4 Temmuz 1952 günü 34 yaşında bir kadın, Pasifik Okyanusunda, Catalina Adasından 30 kilometre batıya, Kaliforniya’ya doğru yüzmeye başladı. Eğer başarılı olursa, bunu yapan ilk kadın olacaktı. Adı, Florance Chadwick olan bu yüzücü, Manş Denizini her iki yönden geçen ilk kadındı. O sabah göz gözü görmüyordu, sis o kadar yoğundu ki, beraberindeki tekneleri güçlükle seçebiliyordu. Su, vücudu uyuşturacak kadar soğuktu; milyonlarca insan televizyonlarında onu izliyordu. Köpek balıklarını ve dondurucu soğuğun etkisini hiçe sayarak 15 saat yüzdü. Hedefine çok az kalmıştı, ancak dayanamayıp bırakmak istedi. Yakınındaki bir teknede bulunan antrenörü ve annesi, karaya çok yaklaştıklarını ve devam etmesini söyledilerse de o, sudan çıkmakta kararlıydı. Azimli yüzücü Kaliforniya kıyısına YARIM MİL kala sudan çıkışının sebebini şöyle açıkladı: “KIYIYI GÖREBİLSEYDİM, BAŞARABİLİRDİM!”
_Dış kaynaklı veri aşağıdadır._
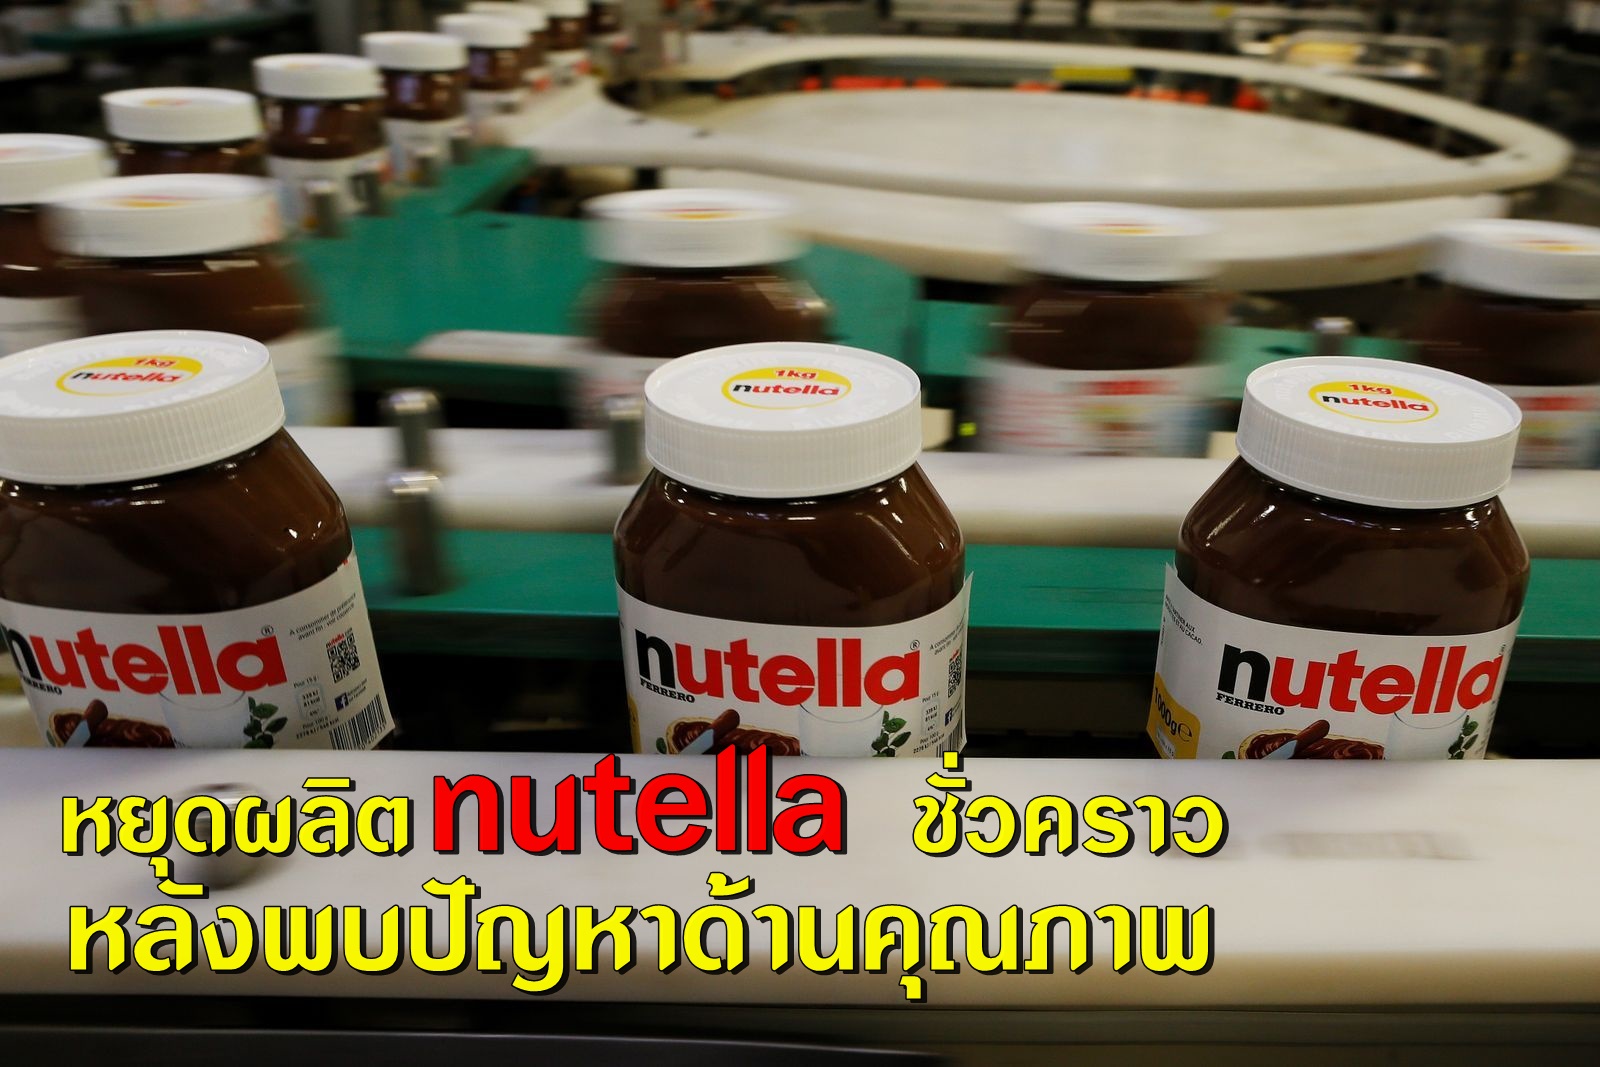 หยุดผลิต nutella ชั่วคราว หลังพบปัญหาคุณภาพ

Vazgeçmesinin sebebi, ne yorgunluk ne de soğuktu. Tek sebep sis yüzünden karayı görememekti. Bir şeyi başarabilmek için, ortada gözle görülür bir hedef olmalıydı. İki ay sonra Florance tekrar denedi. Bu defa hava çok soğuk olmasına rağmen sis yoktu, ufuk açık ve net şekilde karayı görebiliyordu. Florance, hedefine yaklaştığında karayı görebilmeye başlamıştı. Florance kıyıya ulaşmak için kulaçlarını attı ve başardı. Catalina Kanalını geçen ilk kadın ünvanını kazandı. Hem de erkeklerin rekorunu iki saat farkla geçerek.
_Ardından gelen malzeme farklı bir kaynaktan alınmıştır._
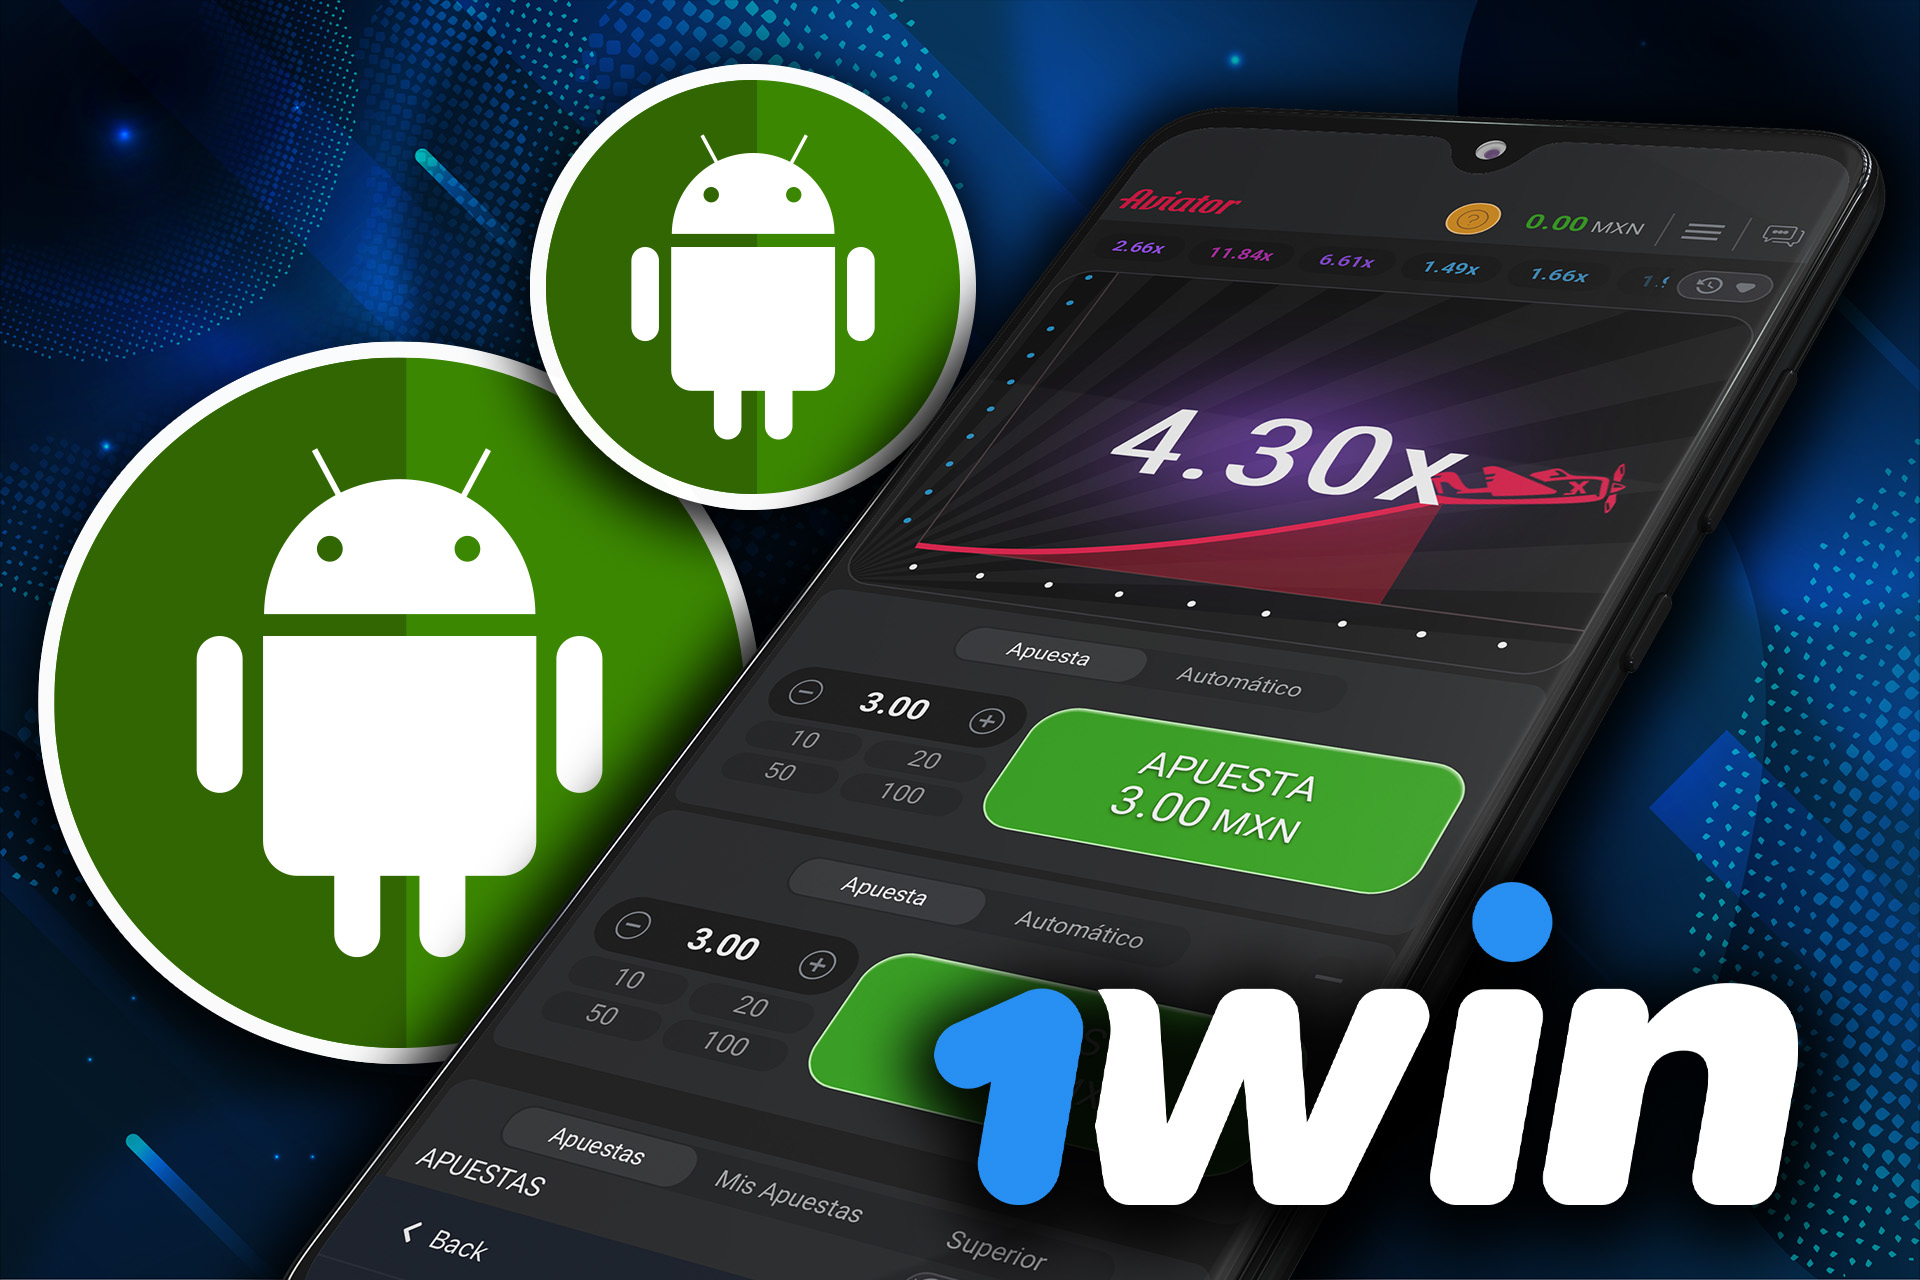 Descarga la aplicación 1win en tu teléfono para jugar a Aviator desde tu dispositivo Android.

Ümitle sabrettiler ve Allah’ın nusret ve fethi yetişti
Asr-ı Saadette, Mekke döneminde Müslümanları Mekke dışına sürmüşler, çöl sıcağında çadırların içinde aç susuz bırakmışlardı. Annelerin sütleri kesilmiş, açlıktan ağlayan bebeklere sağ ellerinin küçük parmaklarını ağızlarına sokup ıslattıktan sonra bebeklerin ağzına bir mama ve meme gibi sokuyorlardı. Kureyşin azgın müşrikleri gelip onlarla ve onların inançlarıyla da alay ediyorlardı. İman, azim ve sabırla bilhassa Allah’a olan polattan ümitleriyle dayandılar ve başarılı oldular. Benzer şekilde Hendek Savaşı kuşatmasında da büyük sıkıntı çektiler. Yetmedi, içten ve arkadan ihanet edip vuranlar ve böylece Anayasal suç işleyenler de oldu. Ümitle sabrettiler ve Allah’ın nusret ve fethi yetişti, Hudeybiye ve Mekke fethi gibi zaferler art arda geldi.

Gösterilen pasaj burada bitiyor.